|
– Я видела потрясающие перчатки на улице Фонтэн, – говорила она, – там даже есть небесно-голубые.
– Машинной вязки, – возражала Жюли.
– Ну и что? Они не хуже.
Новёхонькая, полная жизни, эгоистичная, серая с чёрным, в розовых перчатках и шарфике Жюли вышла однажды в одиннадцать утра на жёлтое поздне-августовское солнце и остановилась перед зеркальной витриной. «Такая женщина ещё смотрится, если хорошо одета. Эта шляпка с голубым пером – просто чудо. Для полного комплекта не хватает только мужчины в тёмно-сером… Но это дорогой аксессуар».
К её удивлению, обновы порождали меланхолию и жажду иной роскоши. Случалось, стоя на краю тротуара, она, впав в рассеянность, ждала не просто машину, но определённую машину – свою. Спросонок она шарила в постели, ища прохладное сонное тело, выпроставшееся из-под простыни. Она пыталась нащупать на безымянном пальце след кольца. Потом вспоминала, что сама в безрассудном порыве потеряла спящего мужчину с холодными коленями, потеряла машину, удручающие и красивые апартаменты, кольцо и след от кольца… Всё, что она пустила по ветру, снова дало о себе знать, и её красивые ноздри расширялись, когда она вспоминала возбуждающий запах, который испускали, нагреваясь друг о друга, её медно-рыжая кобыла и седло из юфти. «Седло из юфти! И форсила же я… Седло, которое стоило… Бог весть, сколько оно стоило! Кобыла тоже. После той кобылы у меня был маленький автомобиль. А теперь у меня мамаша Энселад вместо кузин Карнейян-Рокенкур и моей золовки Эспиван, и Коко Ватар вместо Пюиламара… Попробовал бы кто сказать мне в глаза, что я не выиграла на таком обмене – я бы ему показала…» Но никто, кроме Жюли де Карнейян, не попрекал её социальным уровнем госпожи Энселад, специалистки по массажу, сведению татуировки и перенизыванию жемчужных ожерелий, самодовольной молодостью Коко Ватара и пустопорожней ясностью Люси Альбер.
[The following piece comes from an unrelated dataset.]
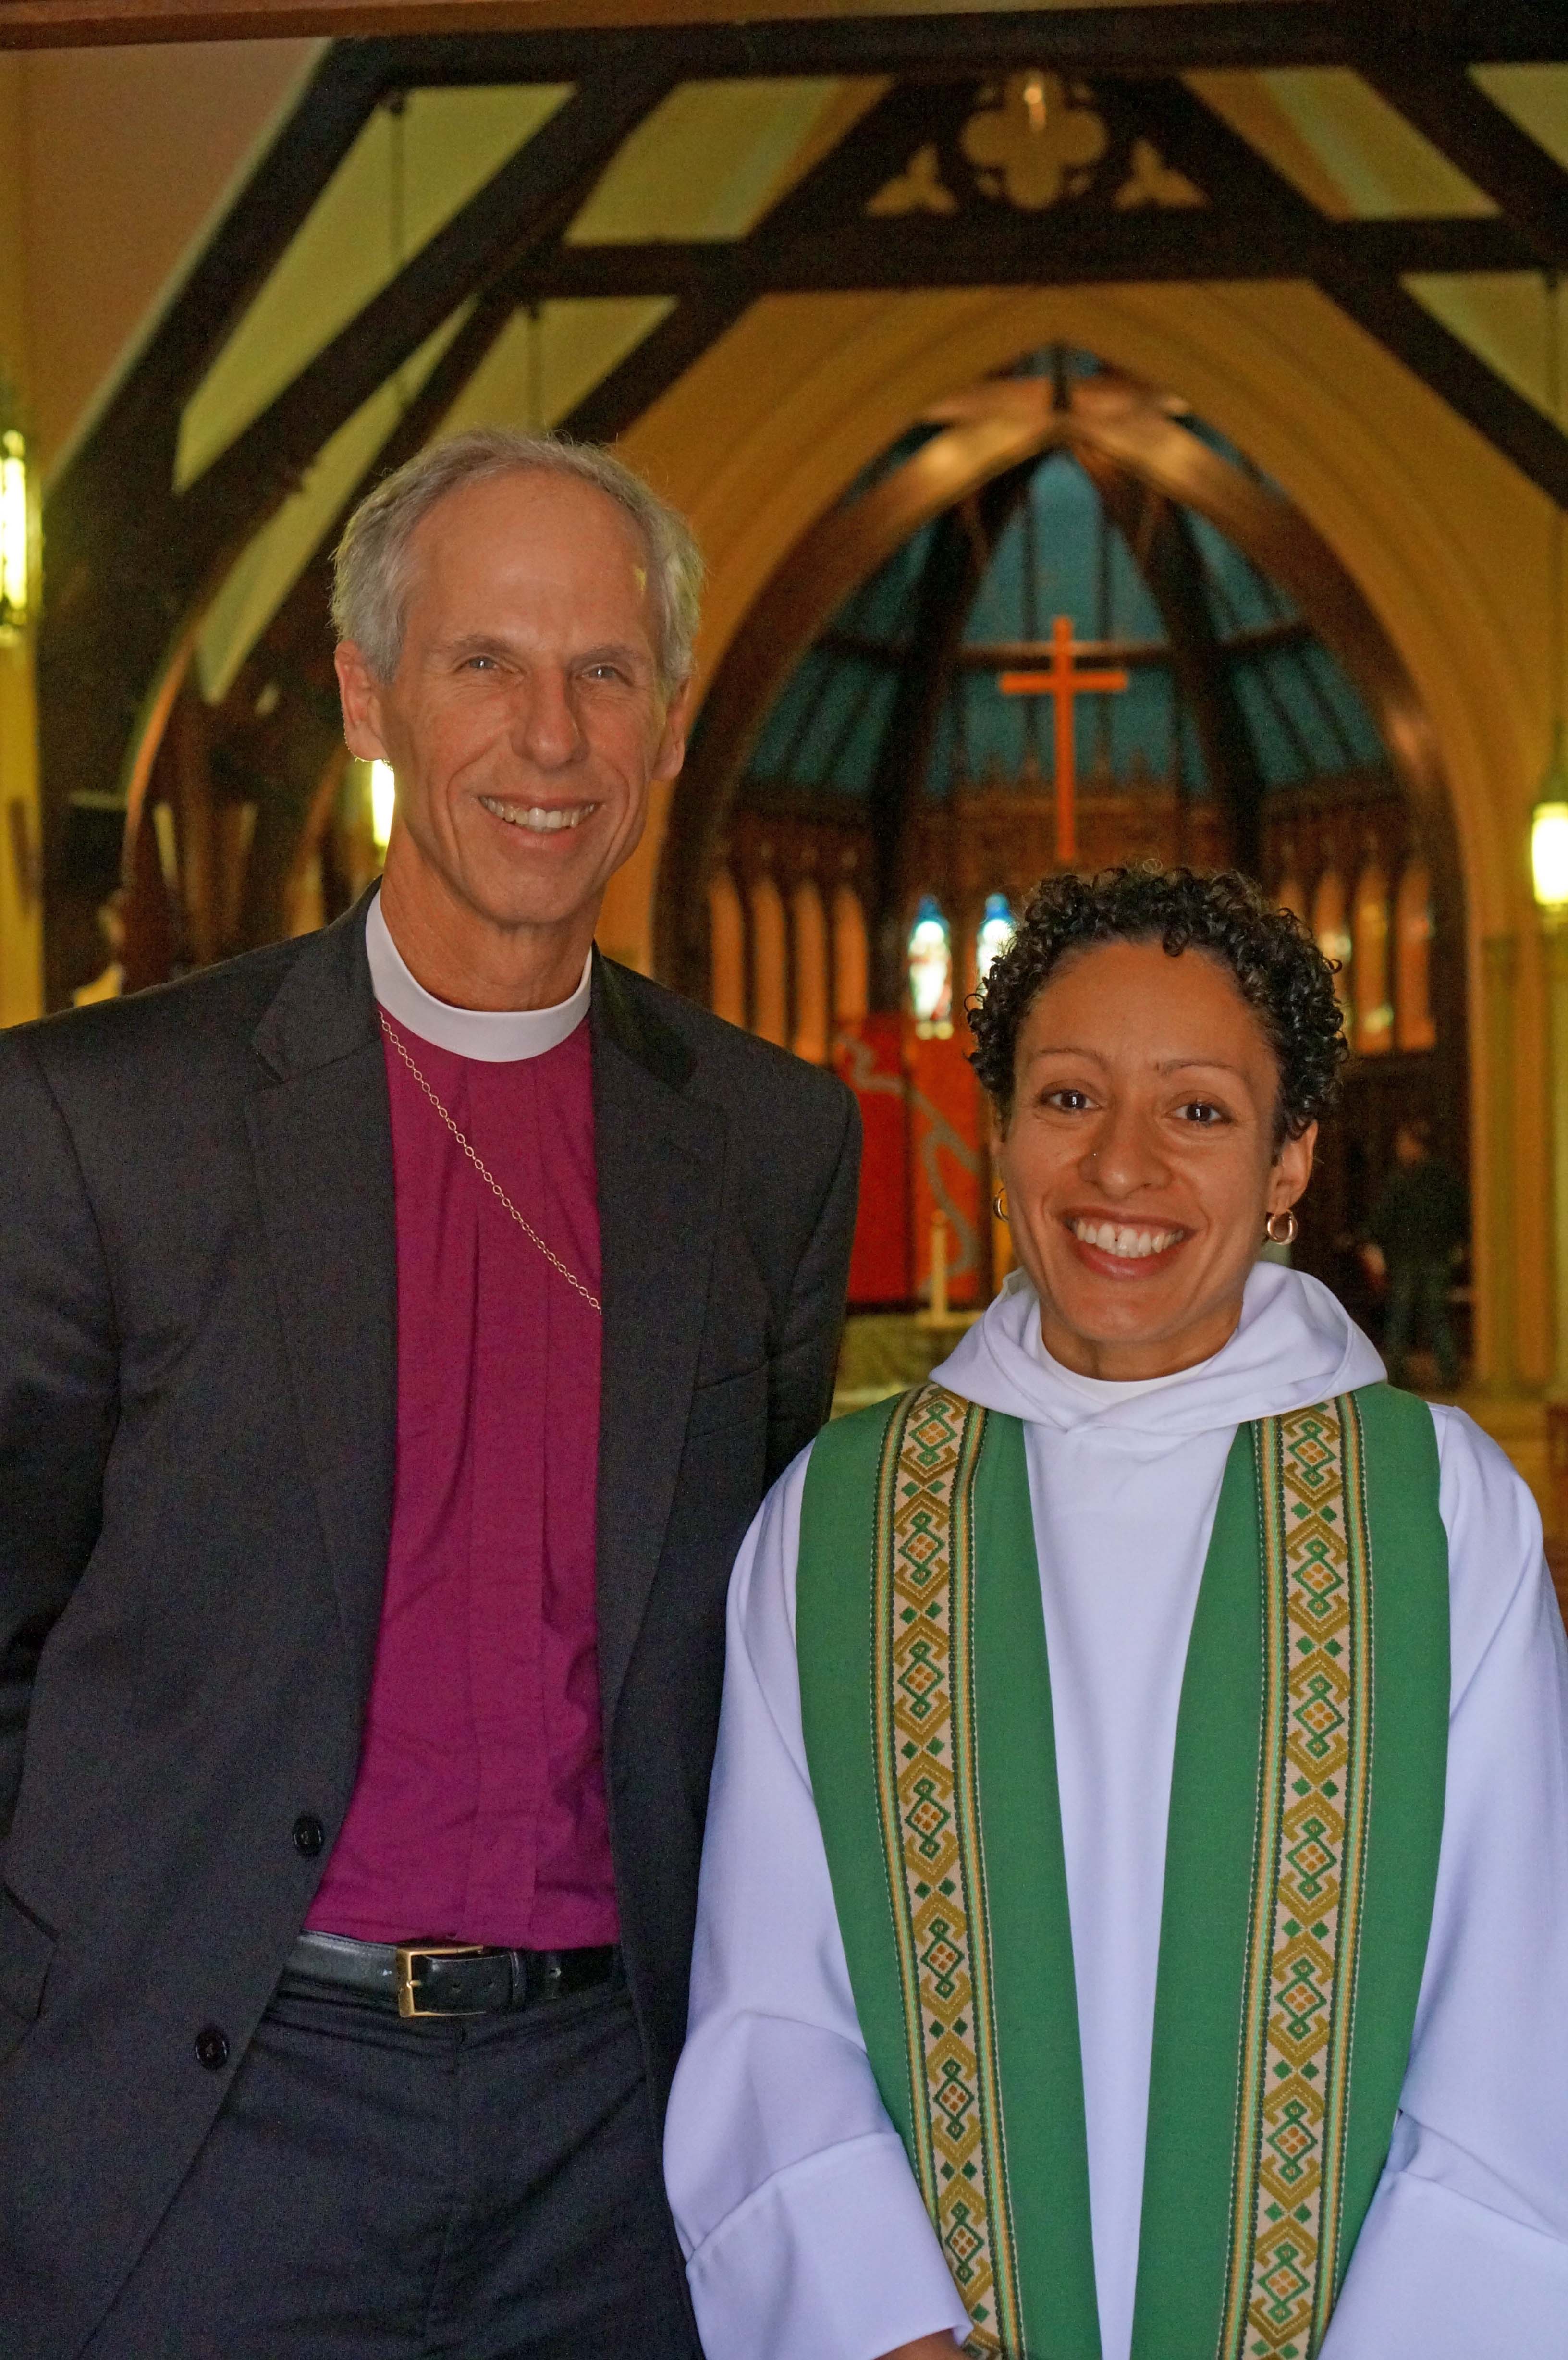 Bishop Fisher and Rev Dr Fortuna

Некоторое время спустя она вообразила, что нездорова. Но у неё не было опыта в болезнях, и она предположила, что это возрастное. «Уже? А мне-то казалось, я ещё хоть куда…» Вопрошая своё тело, она не получила ни подтверждения, ни опровержения. Каждый день она думала об Эспиване, о Марианне, о маленьком Тони и говорила себе с искренней убеждённостью: «Странно, как мало я думаю об этих людях».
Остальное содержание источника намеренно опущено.